Pude ver en la expresión de sus fríos ojos azules que estaba pensando en la muerte. La
muerte rondaba nuestras mentes desde que el nombre de Henrik salió en la lotería del
láser. Yo todavía miraba a mí alrededor con la esperanza de ver al viejo Henrik de pie por
allí, bromeando y ofreciéndome su petaca. Lo habíamos enterrado en un lodazal de
Charybdis seis meses antes.

Los pensamientos sobre la muerte eran habituales al comienzo de una campaña y era
muy posible que ésta fuera la más grande y peligrosa que en la que cualquiera de
nosotros hubiera participado, una Cruzada Imperial a gran escala, la primera en más de
veinte generaciones. Incluso Anton parecía pensativo. Se tiraba del labio inferior con sus
dedos grasientos. Su ceño fruncido hizo que la cicatriz en forma de ciempiés se retorciera
sobre su frente.

-Estás muy tranquilo, Leo- dijo Ivan, mirándome. -¿Otra vez pensando demasiado?

-Tengo que pensar por dos cuando Anton está cerca- le contesté.

-¡Ja, ja, muy gracioso!- dijo Anton. (¡Ha bloody ha! en el original, una típica expresión sarcástica de
desaprobación típica británica, nt)

-En ti eso ha sido una réplica inusualmente ingeniosa- le contesté.

-¿Te has tragado un lexicon?- me preguntó Anton. -Siempre tienes que usar
palabras grandilocuentes para demostrar que no eres estúpido. ¿O es que
estás tratando de sonar como el teniente y sus aduladores? Pasas mucho
tiempo con ellos en la cabina.

-Yo no soy el hombre que se unió a la Guardia Imperial pensado que de allí me
llevarían a los marines espaciales- me burlé. Ivan bufó.
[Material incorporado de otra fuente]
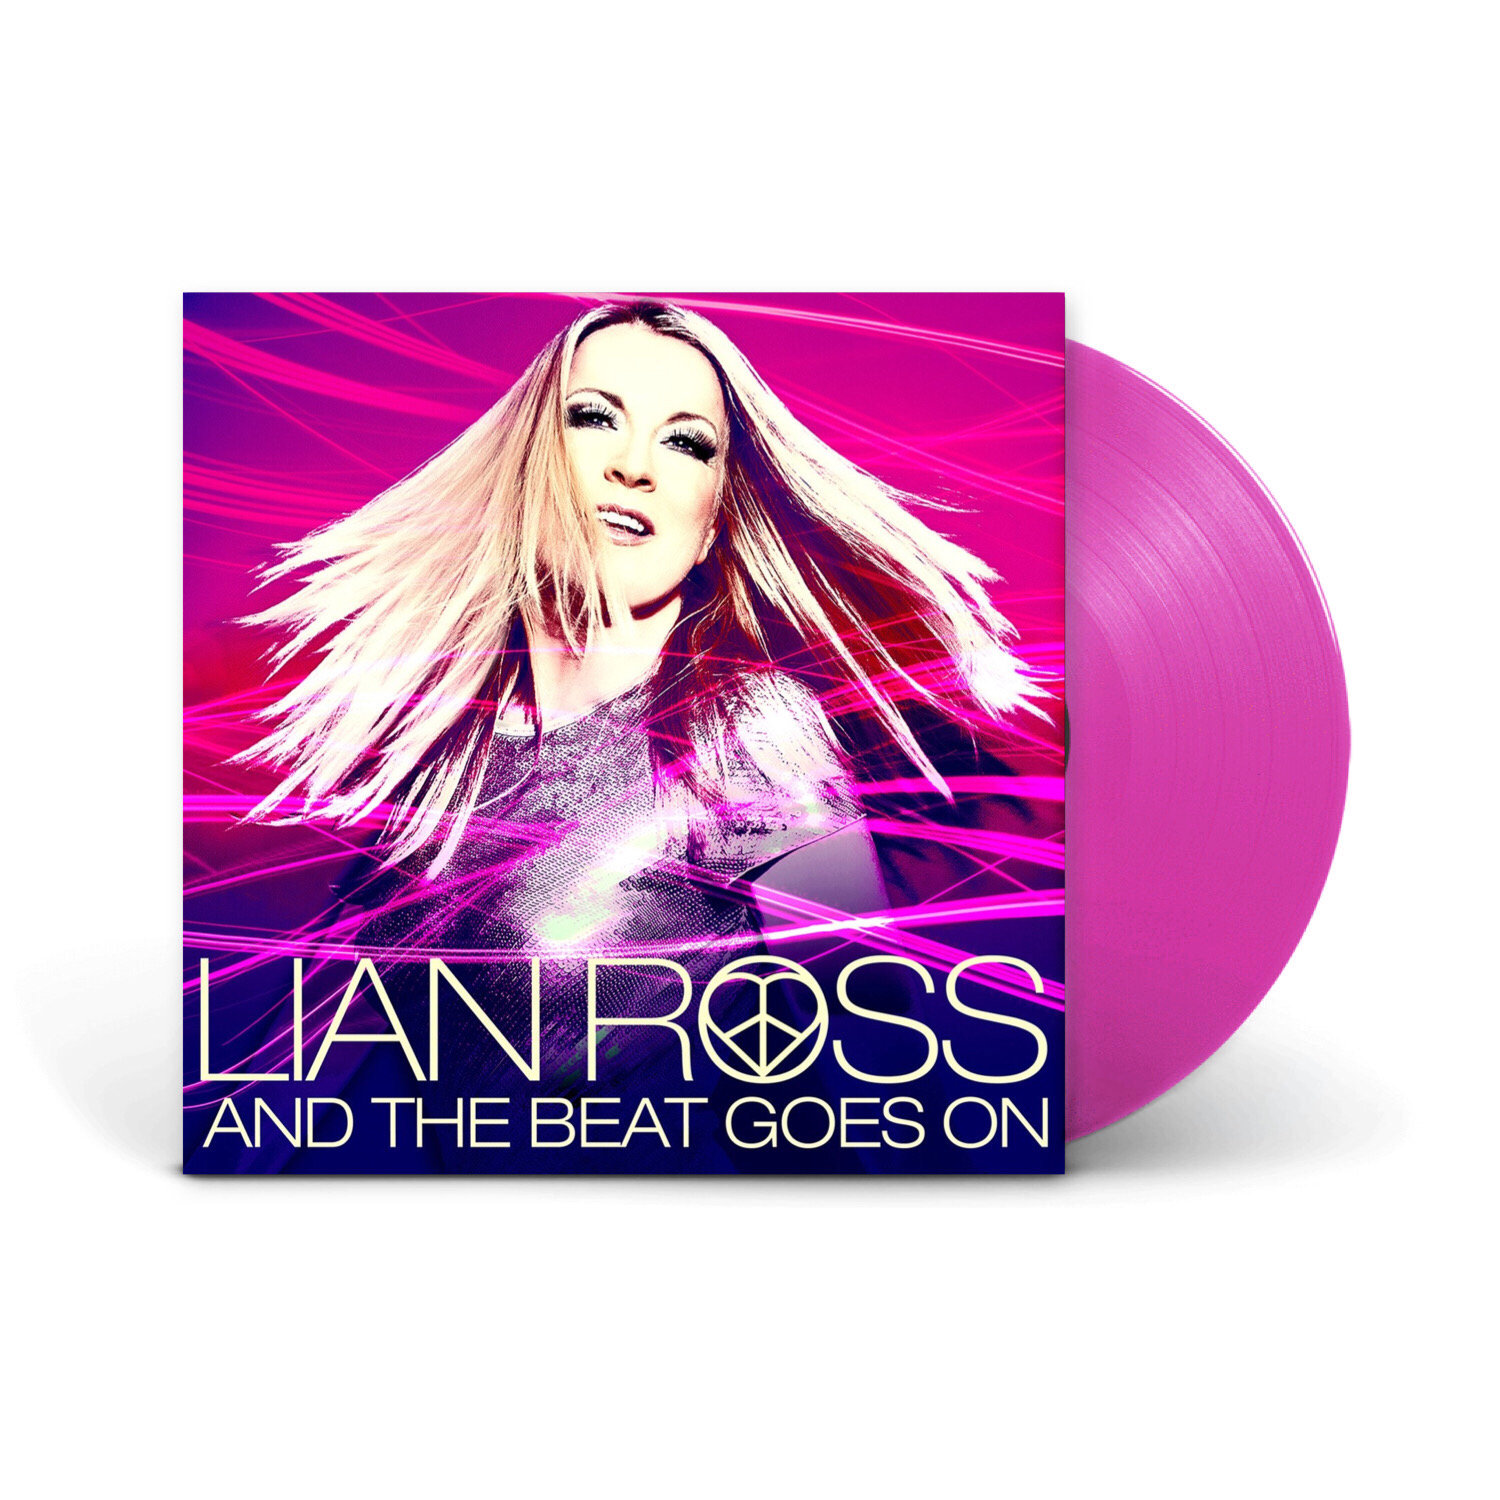 Виниловая пластинка LP: Lian Ross — «And The Beat Goes On» (2016/2021) [Limited Translucent Pink]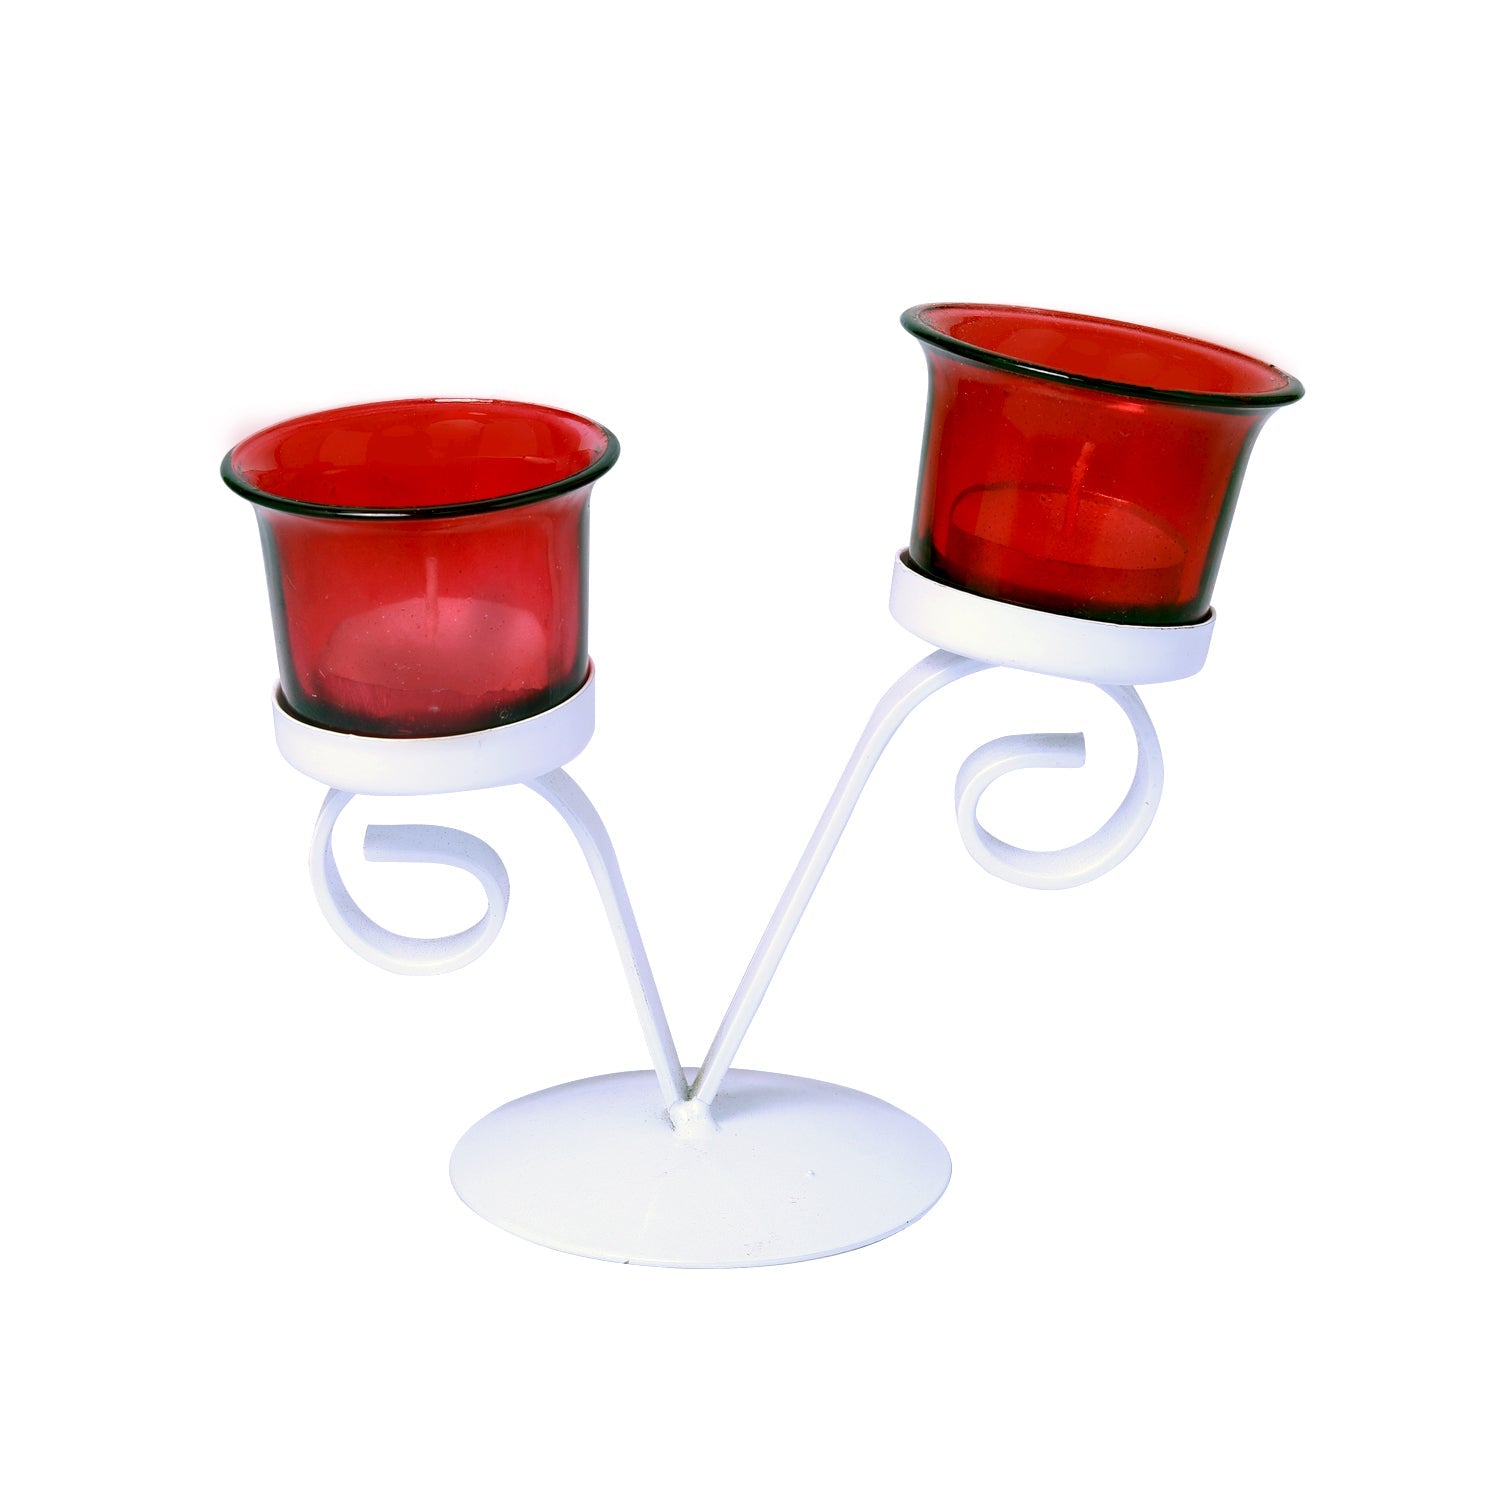 Hosley Decorative Tealight Candle Holder with 2 Red Glasses for Home Decoration, Pack of 1, White

-Tú también lo creías- dijo Anton. Había dejado de tirarse de su labio y ahora estaba
hurgando dentro de su oreja con el mismo dedo. -Sólo que ahora lo niegas- dijo, con
ese tono de niño ofendido que parte de él siempre sería.

Quizás tenía razón, pensé. Tal vez creyéramos eso en Belial, cuando todo lo que
sabíamos sobre el servicio como soldados era lo que leímos en las novelas de
propaganda que se imprimían con la bendición del gobierno planetario.

¿Era posible que hubiéramos sido tan ingenuos? Bien, fuera cual fuera nuestra
ingenuidad, había desaparecido gracias a diez años de constantes guerras en una docena
de mundos diferentes.

-Creo que puedo ver uno de los caminos de los que hablaba el teniente- dijo
Ivan. Cuando volvió la cabeza, pude las llamas reflejándose en las lentes de sus gafas de
campaña y en el metal de su mejilla. Le daba una apariencia demoniaca, como una
premonición de los sombríos acontecimientos venideros. -Cree que podremos pasar
por ellos y luego atacar a los herejes por el flanco.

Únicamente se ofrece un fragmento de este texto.